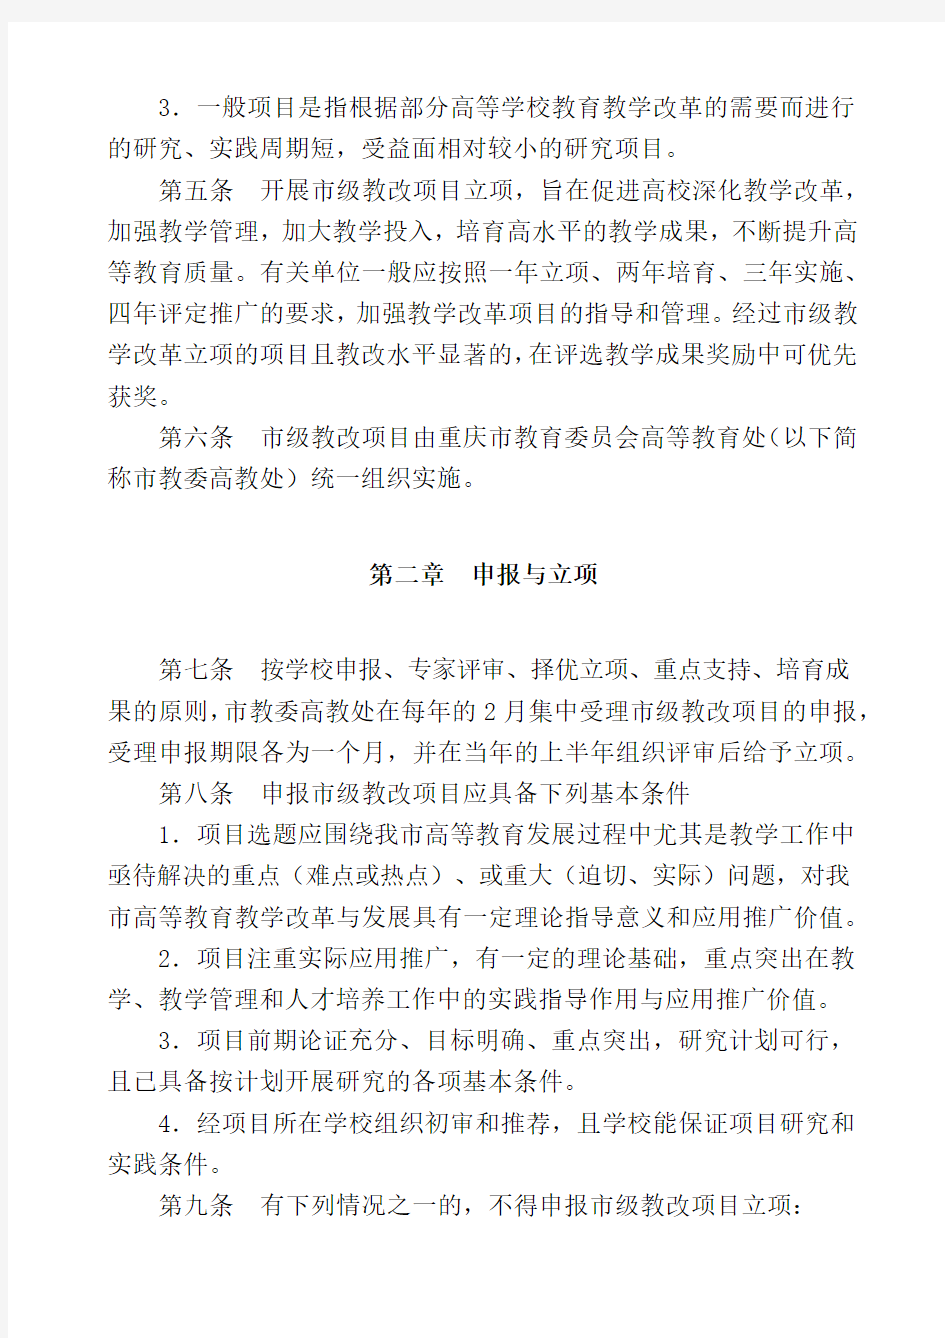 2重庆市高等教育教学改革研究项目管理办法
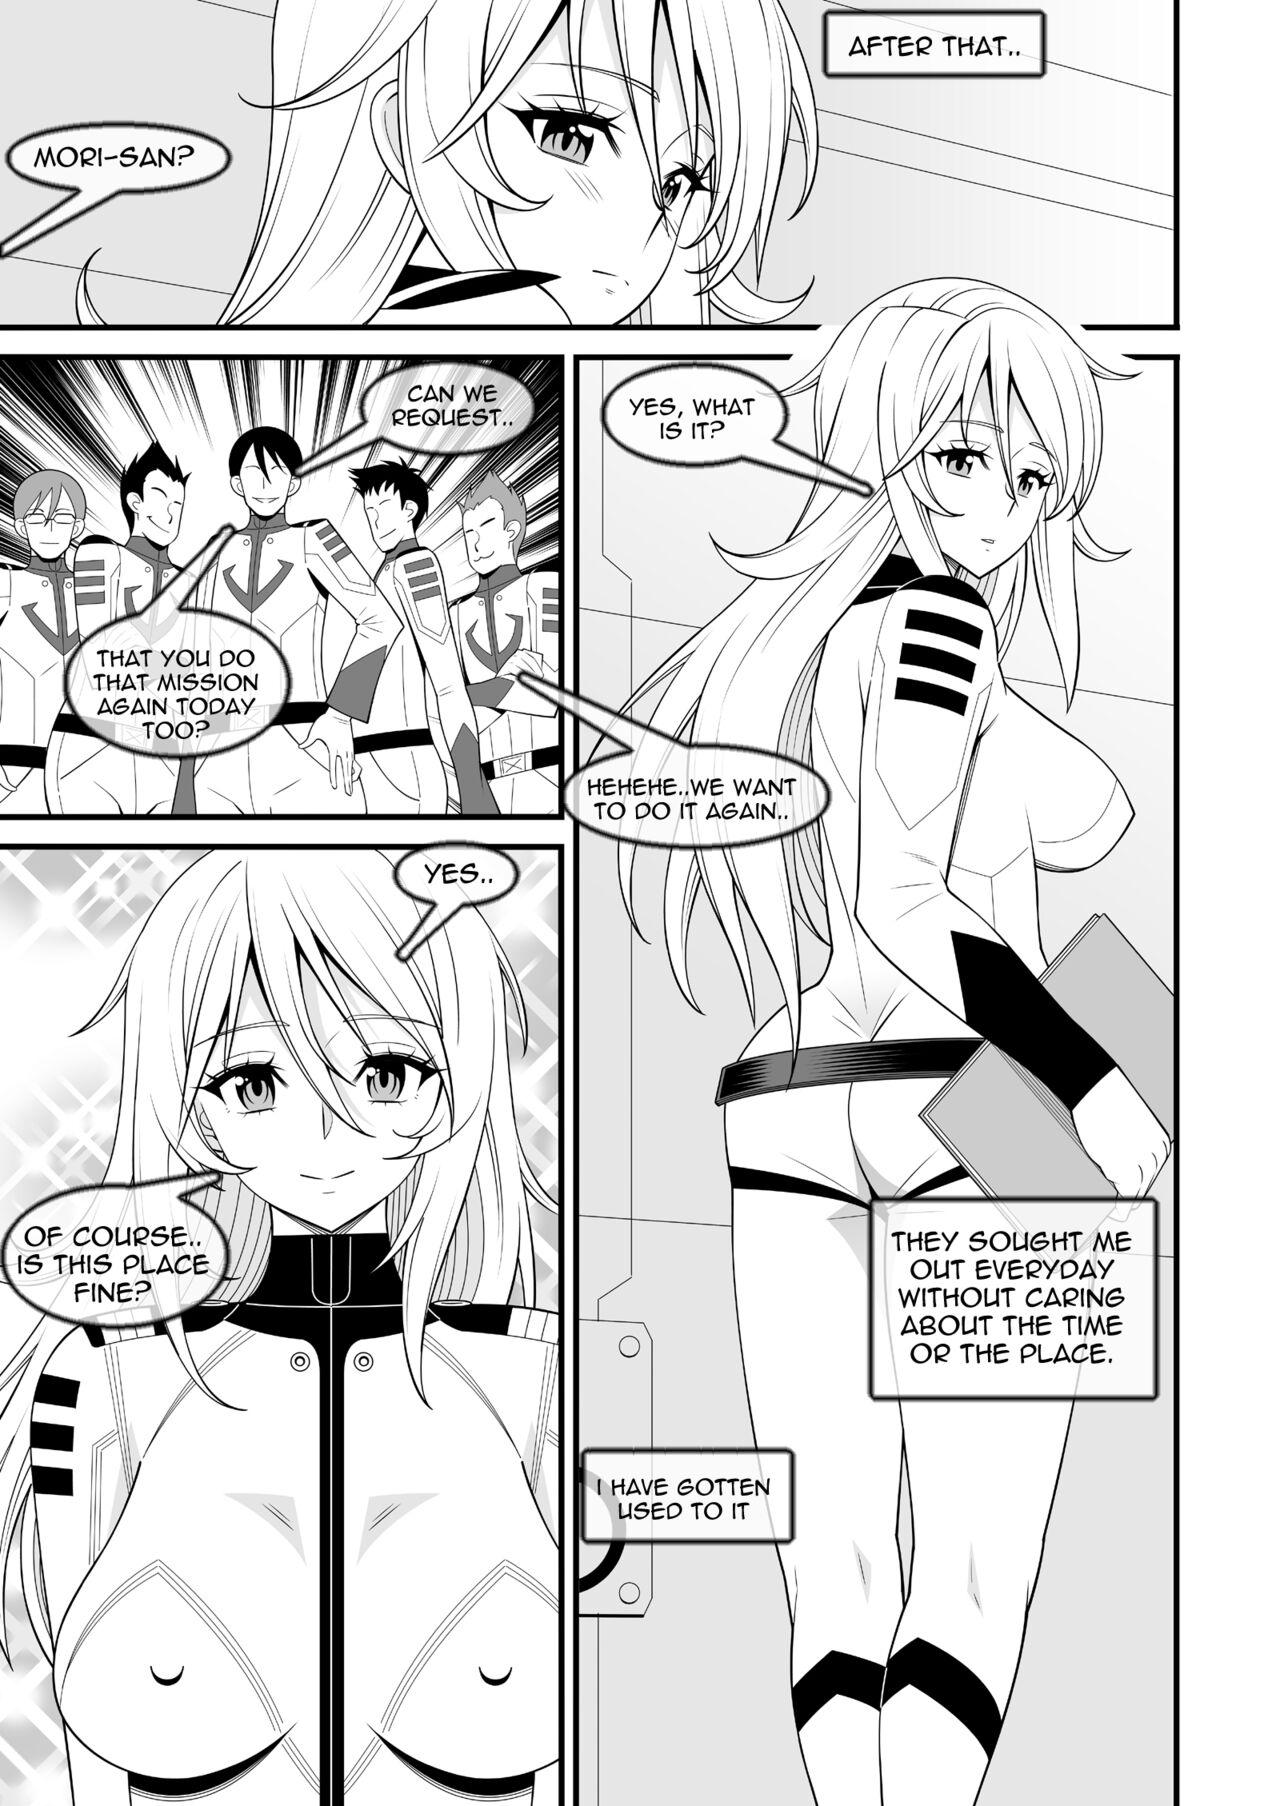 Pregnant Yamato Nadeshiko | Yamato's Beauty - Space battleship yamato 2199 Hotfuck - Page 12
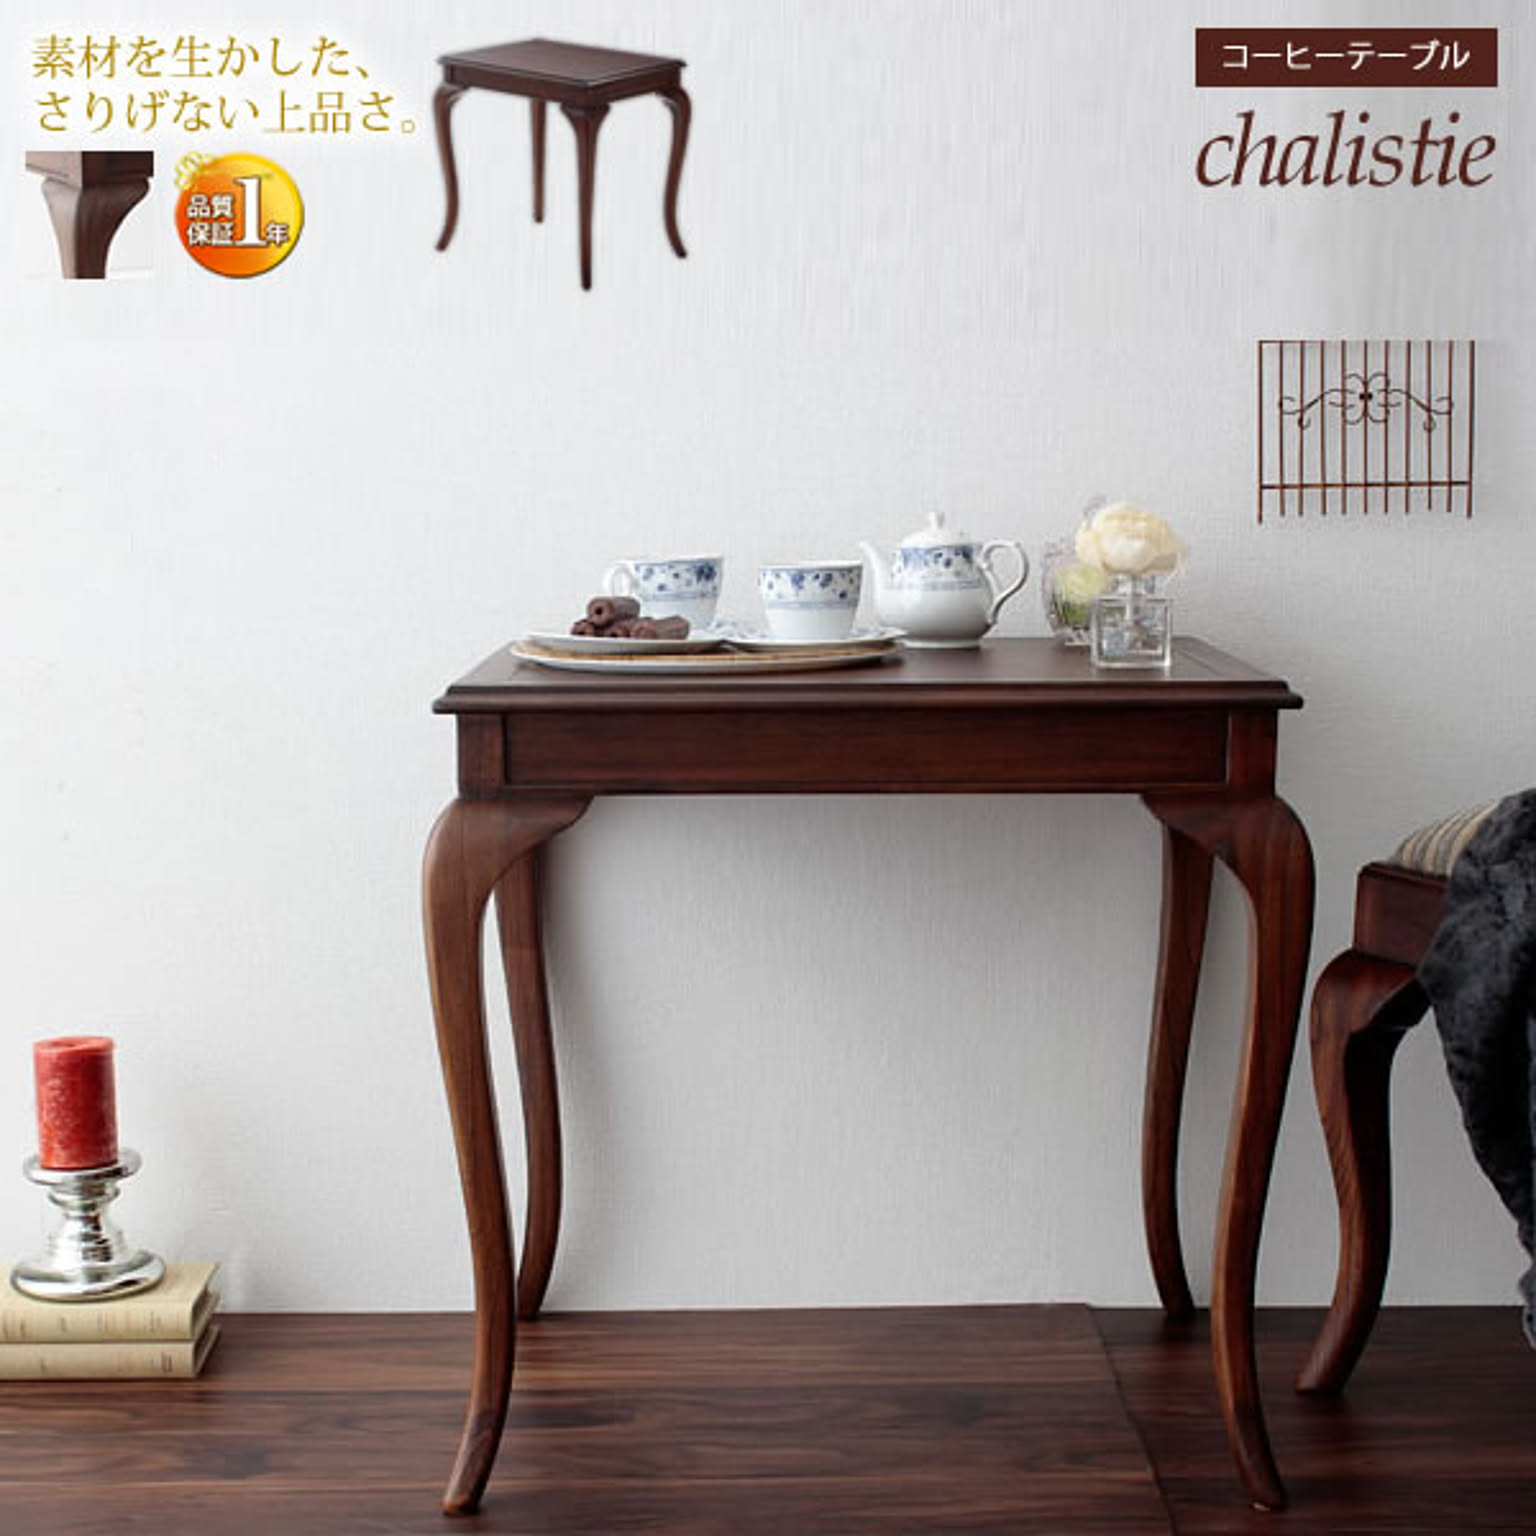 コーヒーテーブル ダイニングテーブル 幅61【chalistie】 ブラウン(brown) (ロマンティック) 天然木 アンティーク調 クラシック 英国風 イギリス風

→ WHAT IS BEING ASKED
Print out all the material word for word but exclude any images.

→ TASK RESULT
 2重庆市高等教育教学改革研究项目管理办法
 Pregnant Yamato Nadeshiko | Yamato's Beauty - Space battleship yamato 2199 Hotfuck - Page 12
 コーヒーテーブル ダイニングテーブル 幅61【chalistie】 ブラウン(brown) (ロマンティック) 天然木 アンティーク調 クラシック 英国風 イギリス風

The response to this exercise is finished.